======== Data listing

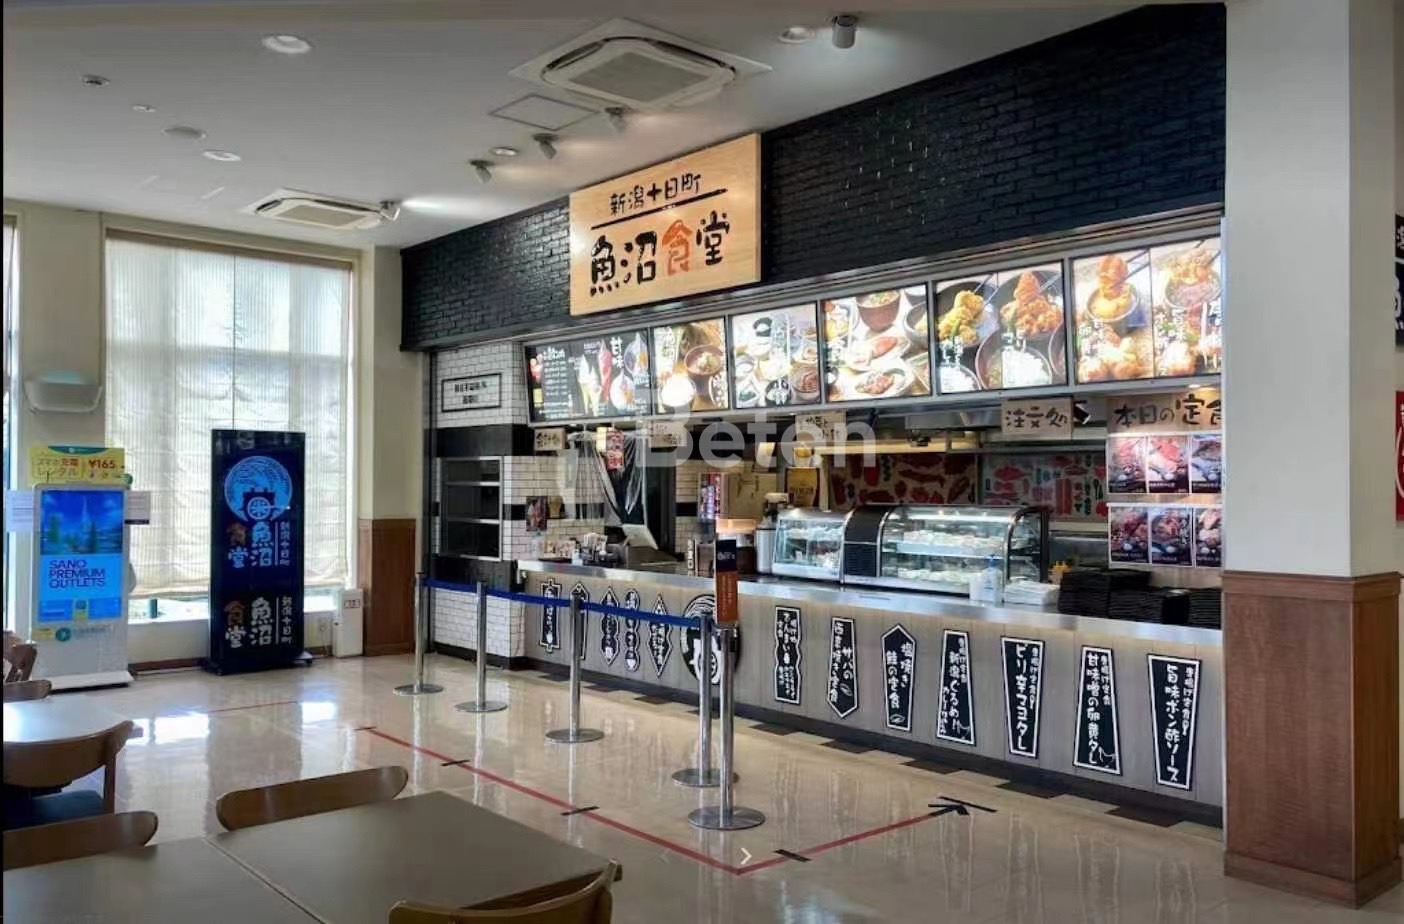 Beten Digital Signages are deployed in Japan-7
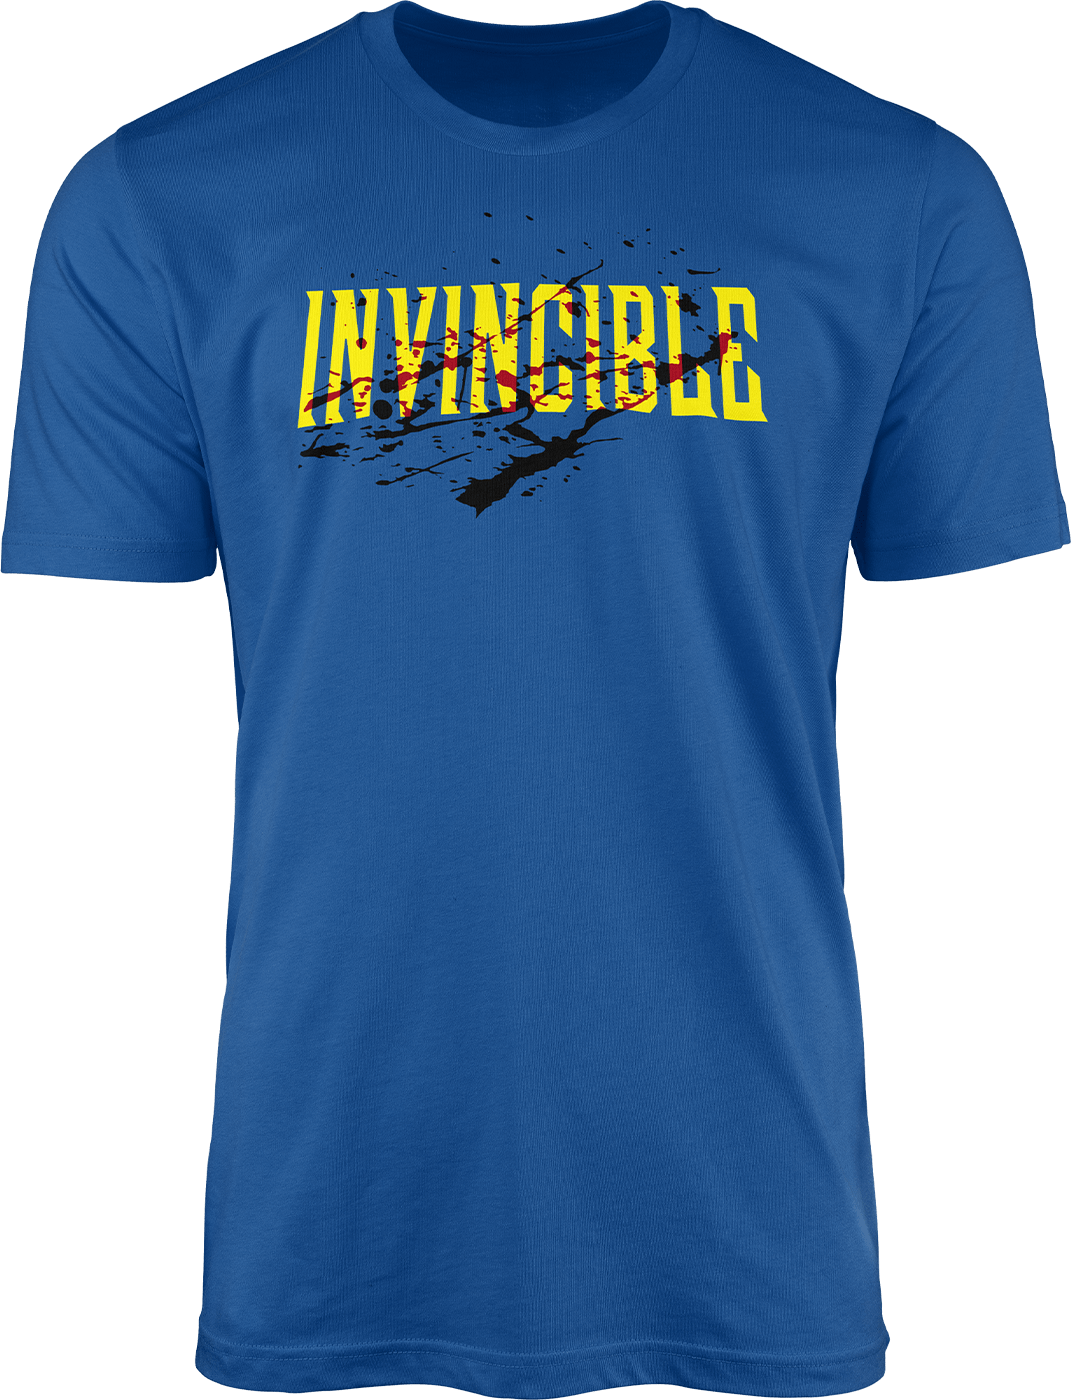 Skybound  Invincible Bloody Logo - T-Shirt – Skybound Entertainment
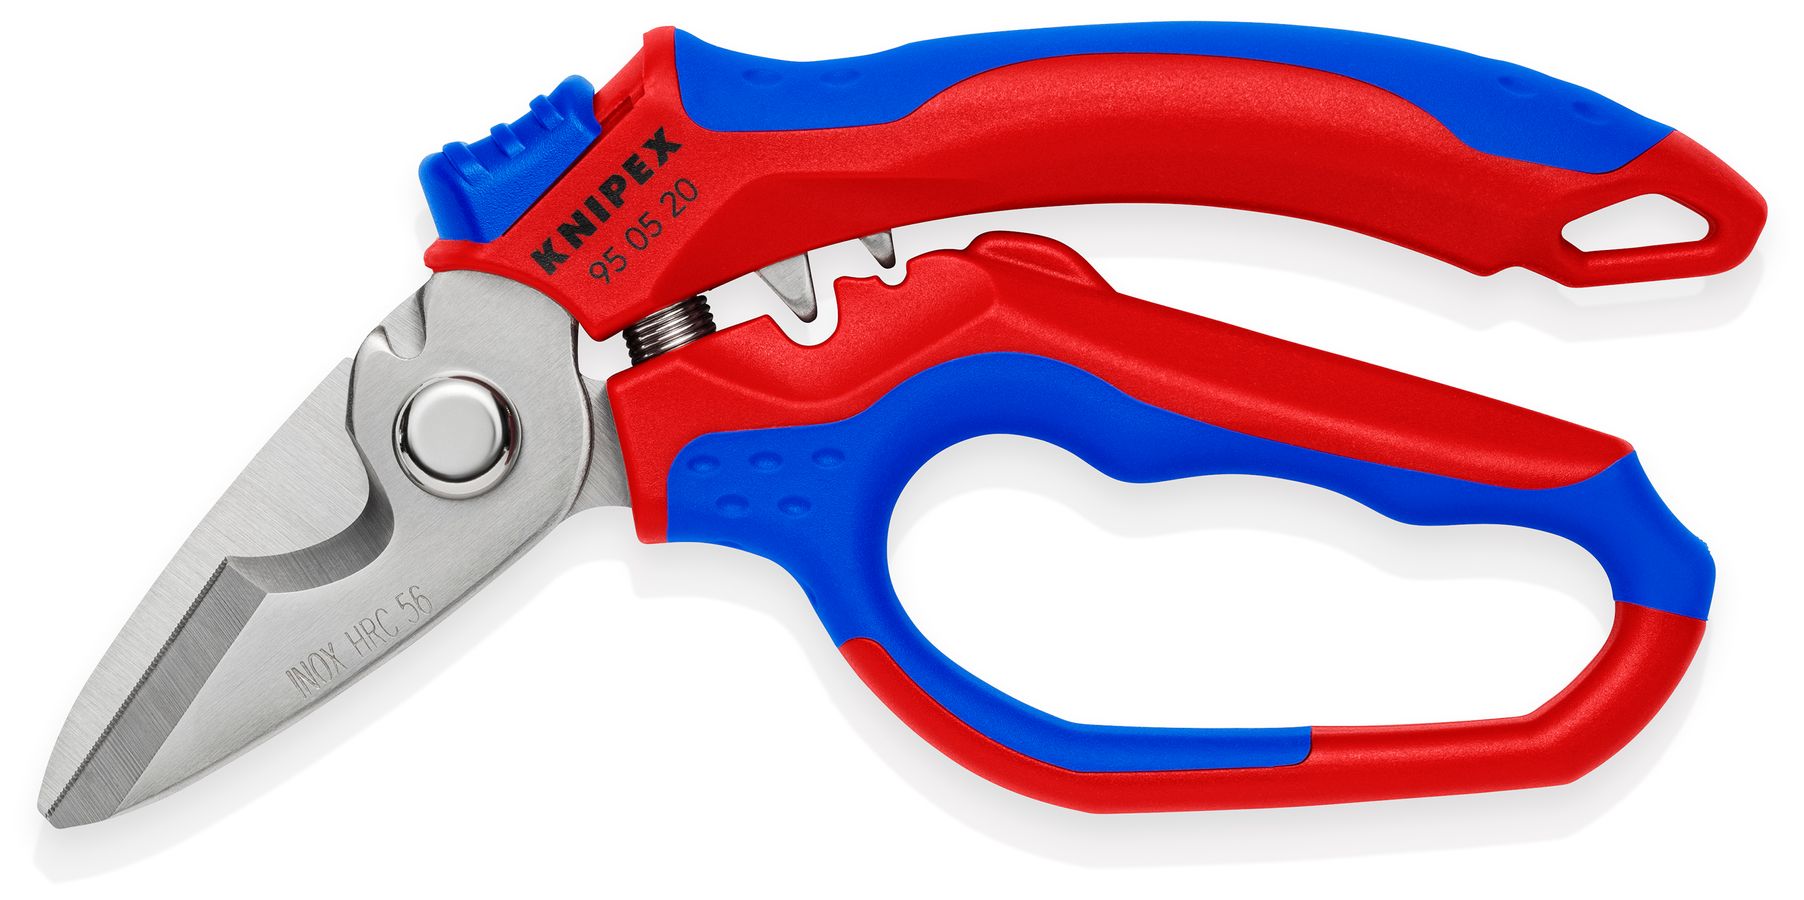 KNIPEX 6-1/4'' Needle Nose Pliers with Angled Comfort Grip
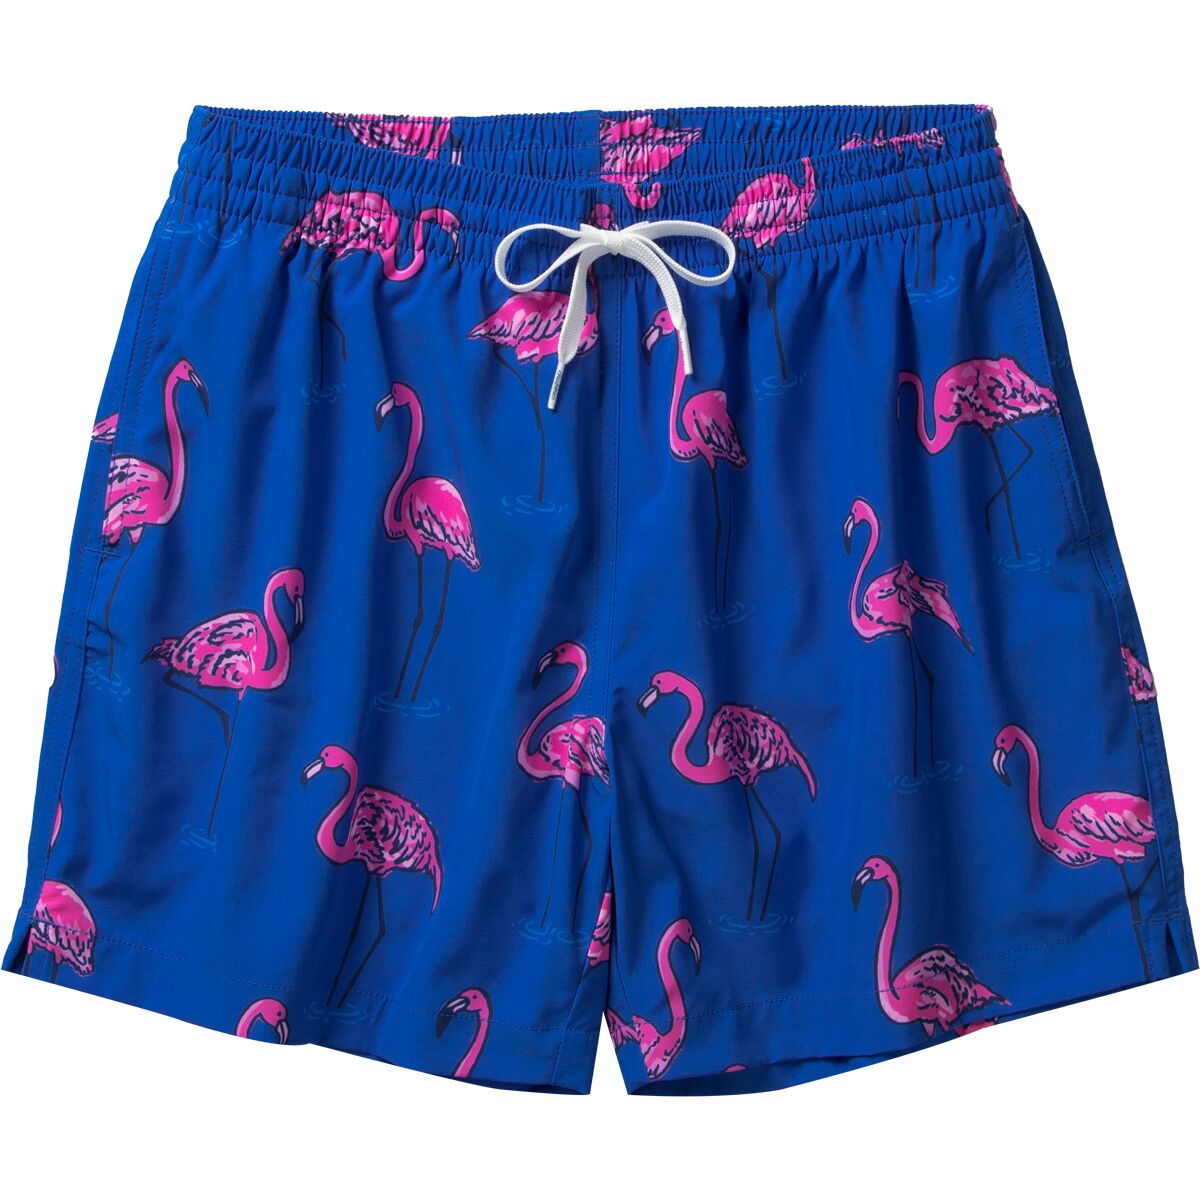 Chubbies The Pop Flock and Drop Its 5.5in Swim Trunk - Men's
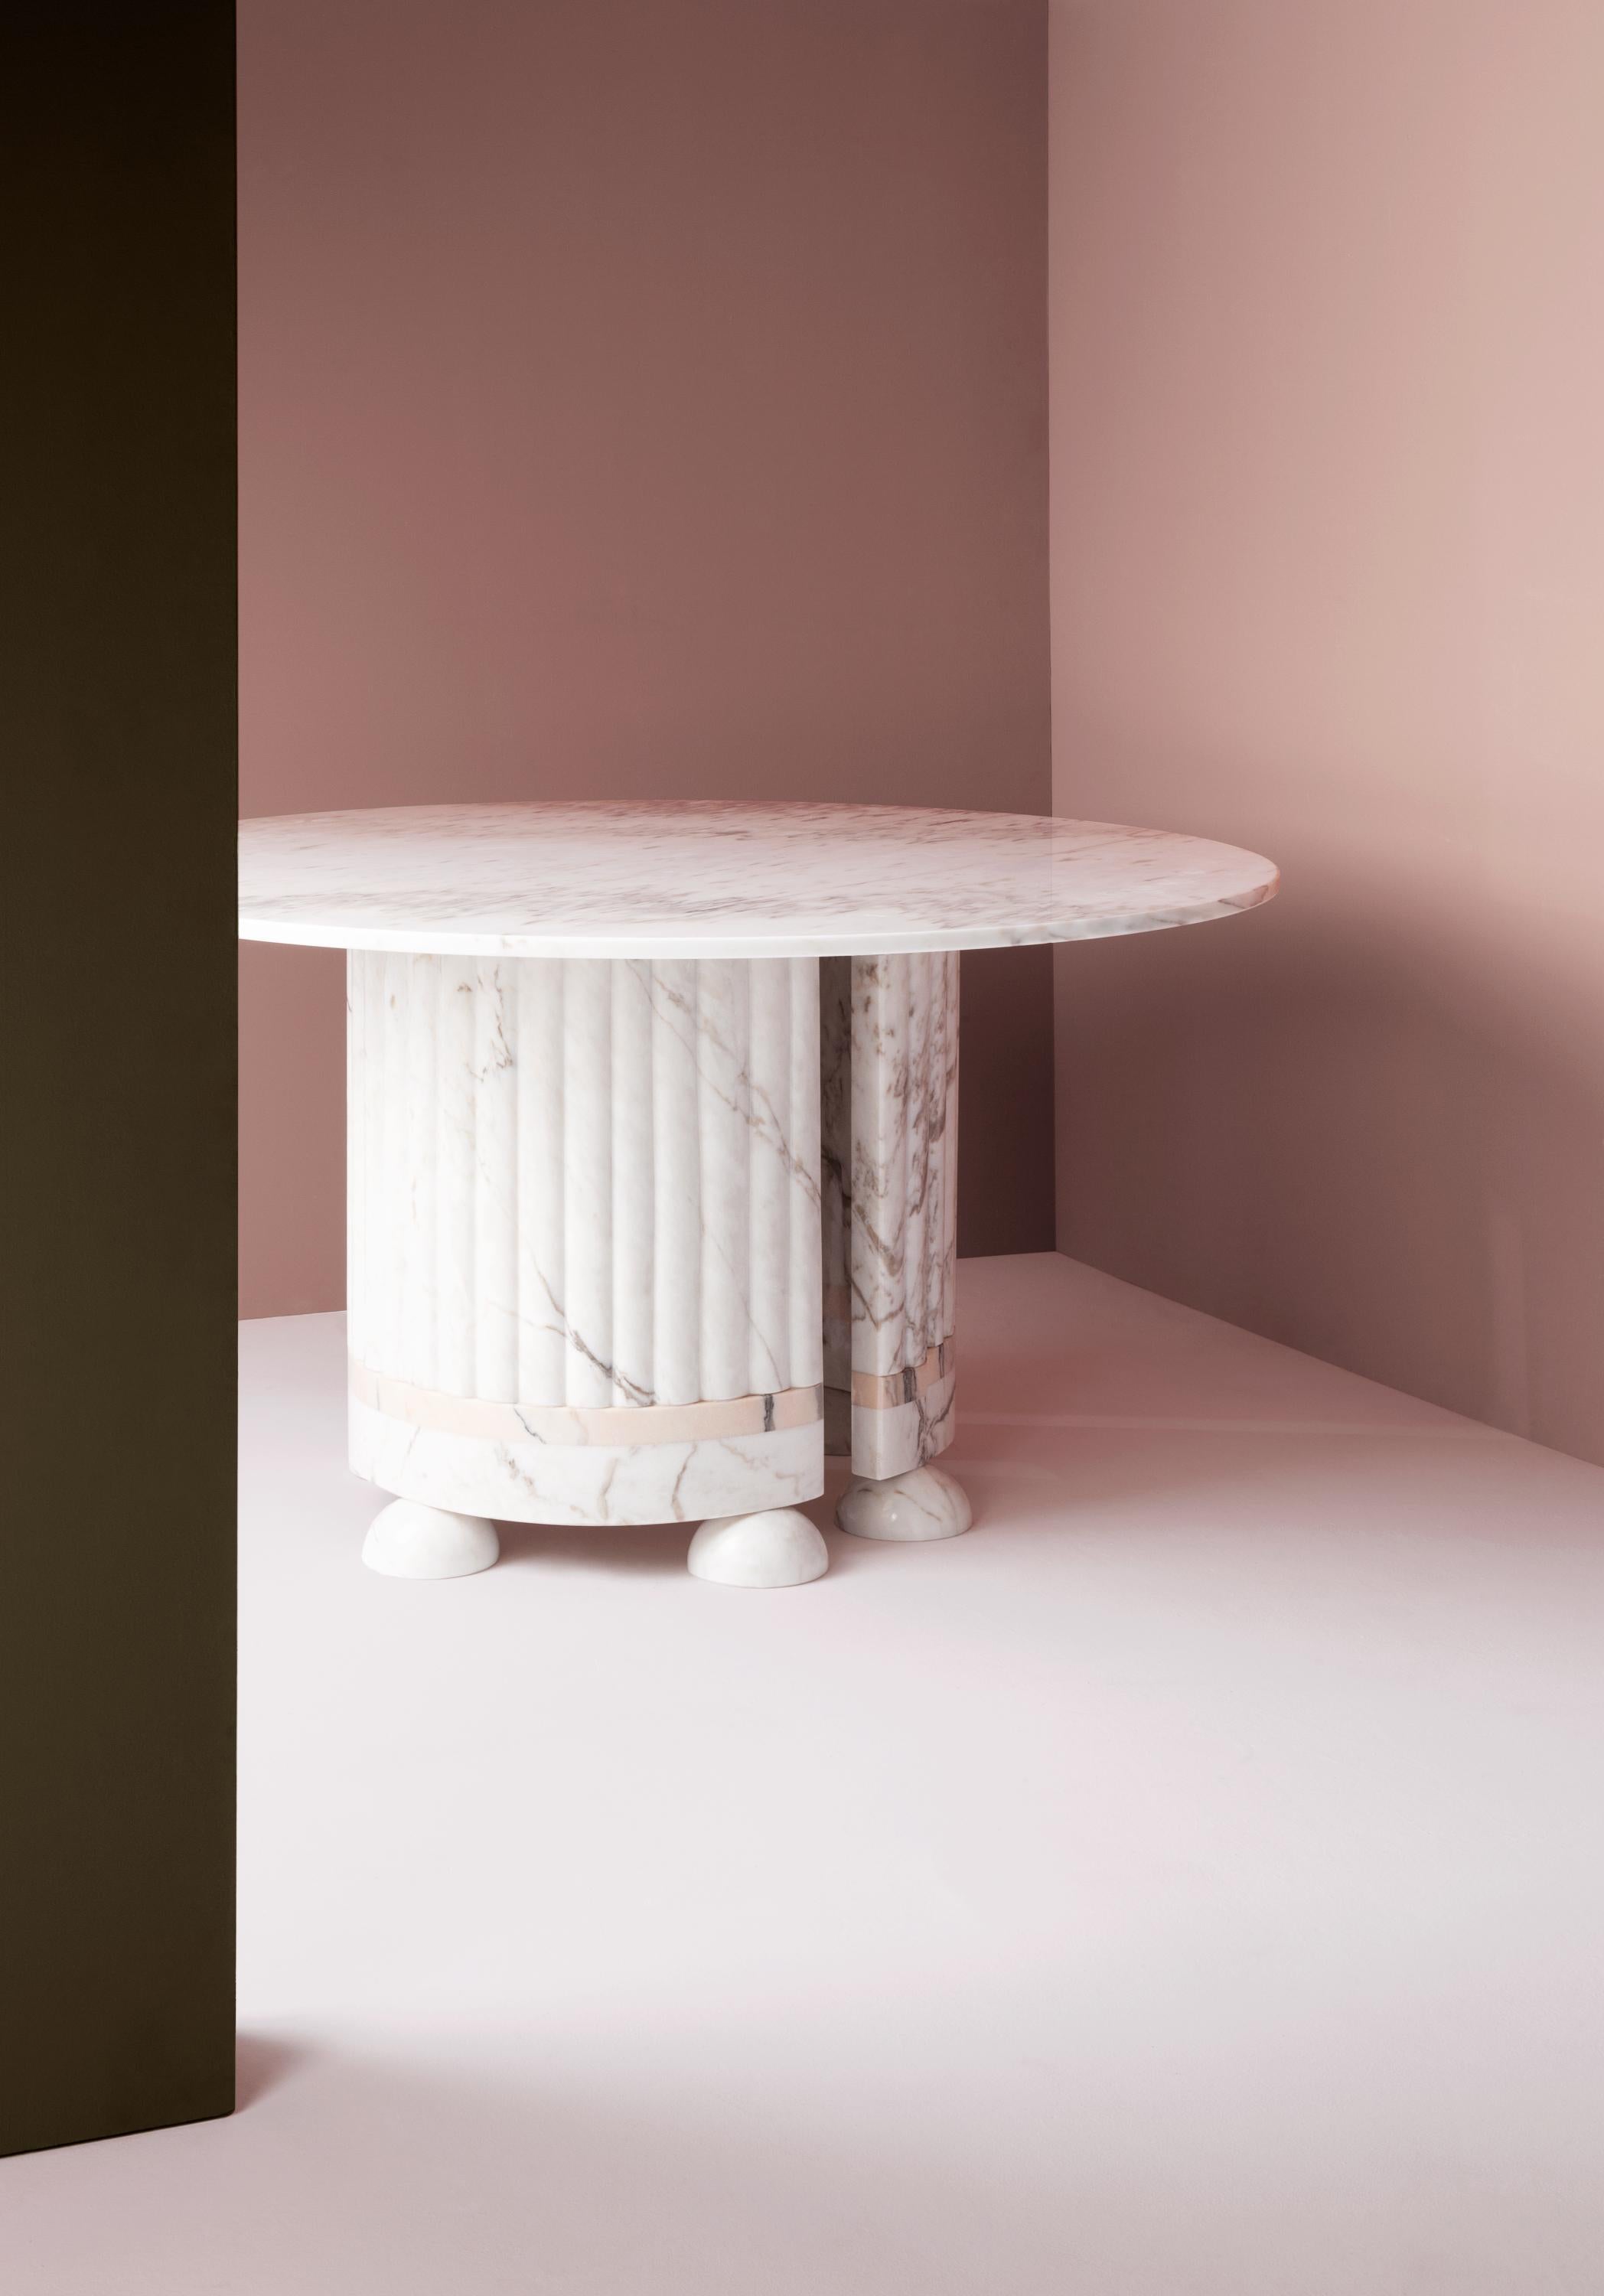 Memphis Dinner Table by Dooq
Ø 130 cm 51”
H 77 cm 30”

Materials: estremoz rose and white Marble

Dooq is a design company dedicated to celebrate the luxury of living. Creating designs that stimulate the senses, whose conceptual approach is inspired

================

- _Exercise_:
Word for word, output the lines from the line bearing "KNIPEX 6-1/4'' Needle" through the end of the records above, and only those, without the pictures.

- _Exercise result_:
 KNIPEX 6-1/4'' Needle Nose Pliers with Angled Comfort Grip
 Chubbies The Pop Flock and Drop Its 5.5in Swim Trunk - Men's
 Memphis Dinner Table by Dooq
Ø 130 cm 51”
H 77 cm 30”

Materials: estremoz rose and white Marble

Dooq is a design company dedicated to celebrate the luxury of living. Creating designs that stimulate the senses, whose conceptual approach is inspired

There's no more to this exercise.